Problem requirements: Everything in the listing below has to be repeated exactly, except the pictures.

==== Information supplied

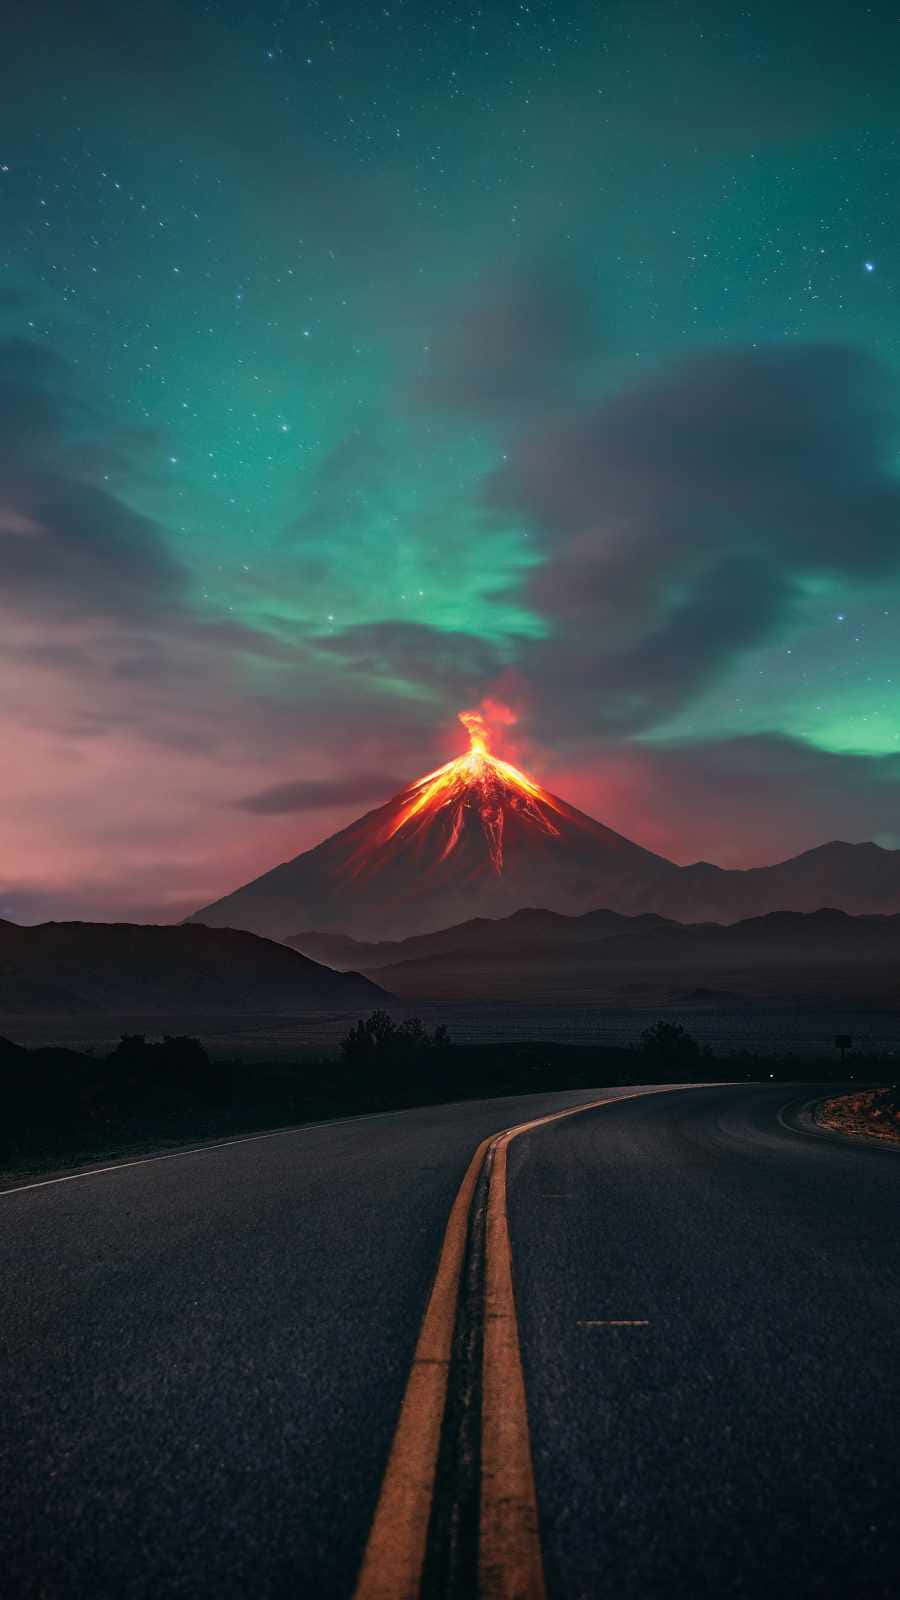 Awe-inspiring Image of a Road Trip to an Active Volcano Wallpaper
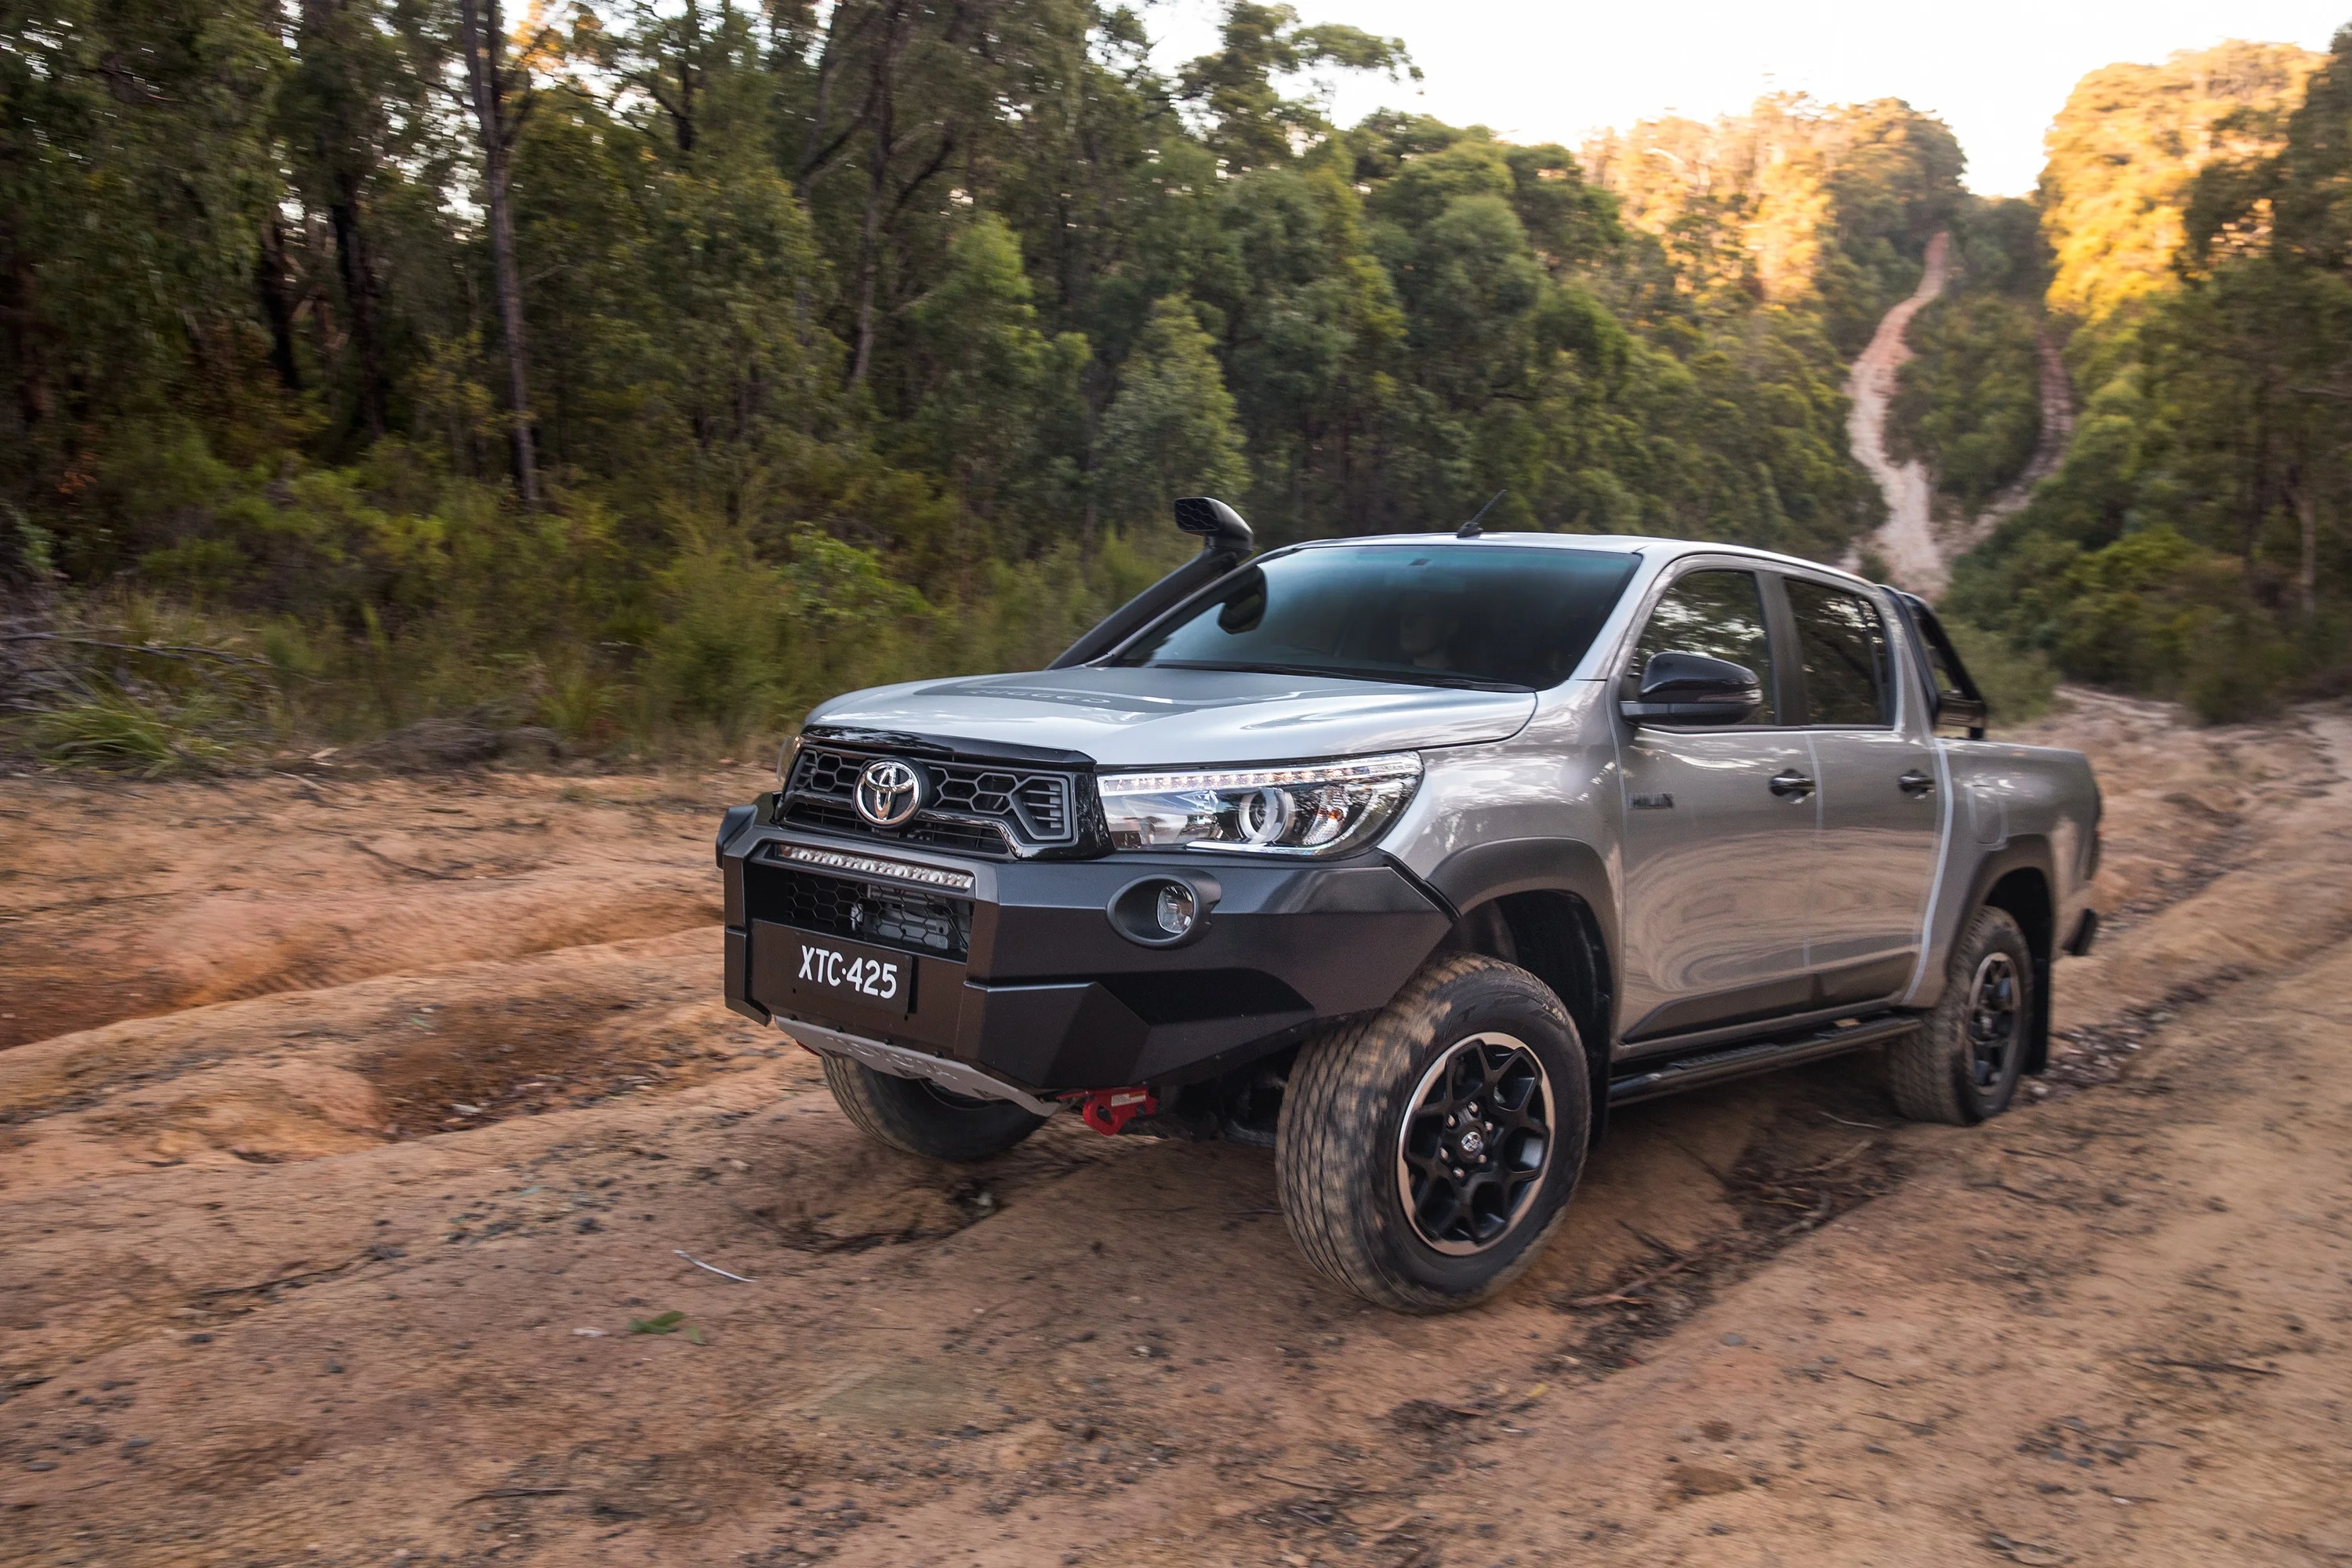 2019 Toyota Tacoma vs. 2019 Toyota Hilux: What's the Difference
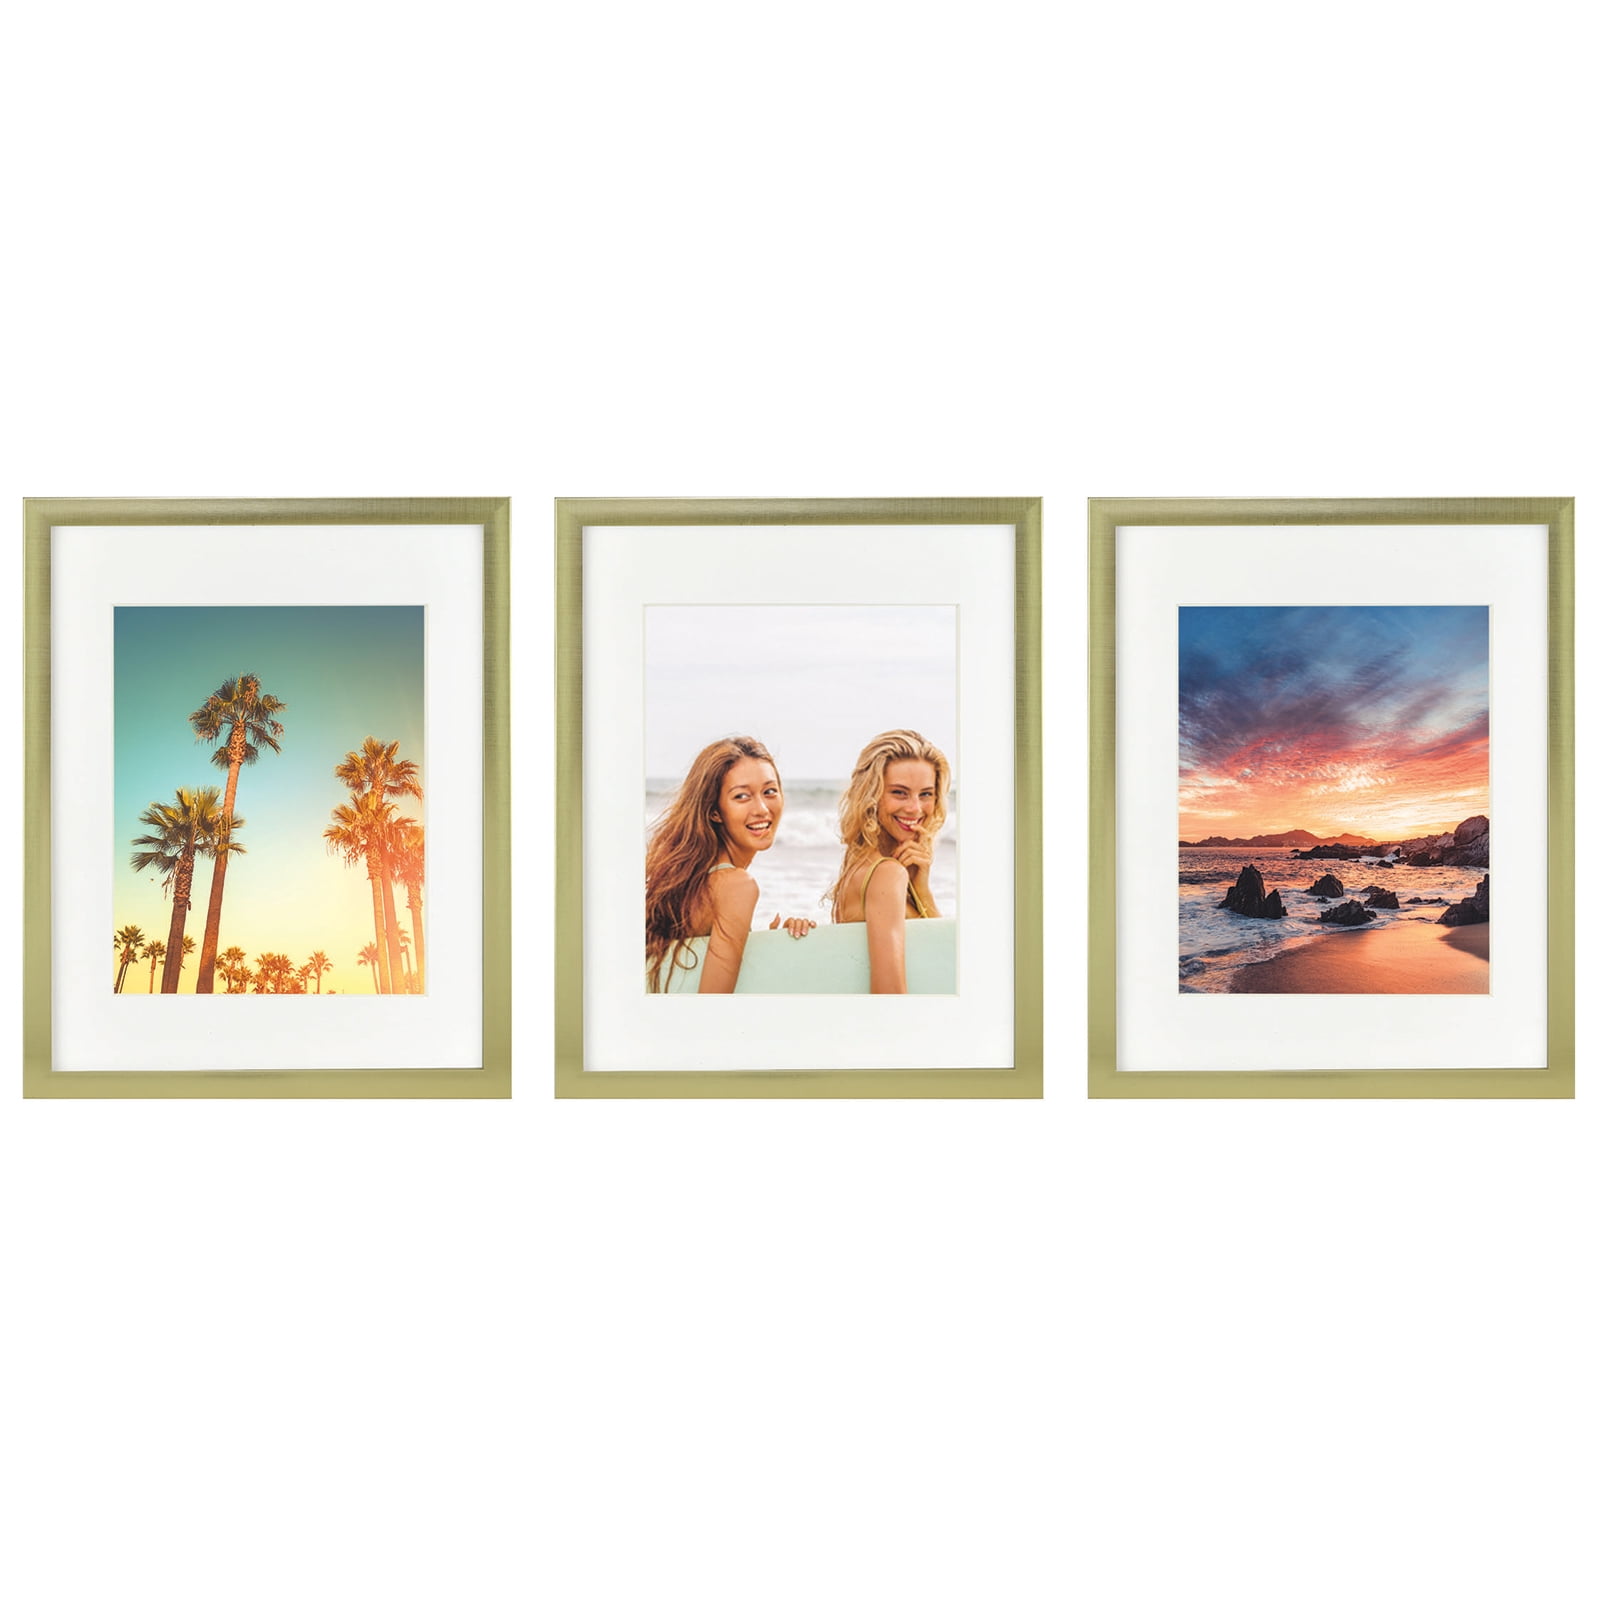 upsimples 11x14 Picture Frame Set of 5,Display Pictures 8x10 with Mat or  11x14 Without Mat,Wall Gallery Photo Frames,White

========

Task result:
 Awe-inspiring Image of a Road Trip to an Active Volcano Wallpaper
 2019 Toyota Tacoma vs. 2019 Toyota Hilux: What's the Difference
 upsimples 11x14 Picture Frame Set of 5,Display Pictures 8x10 with Mat or  11x14 Without Mat,Wall Gallery Photo Frames,White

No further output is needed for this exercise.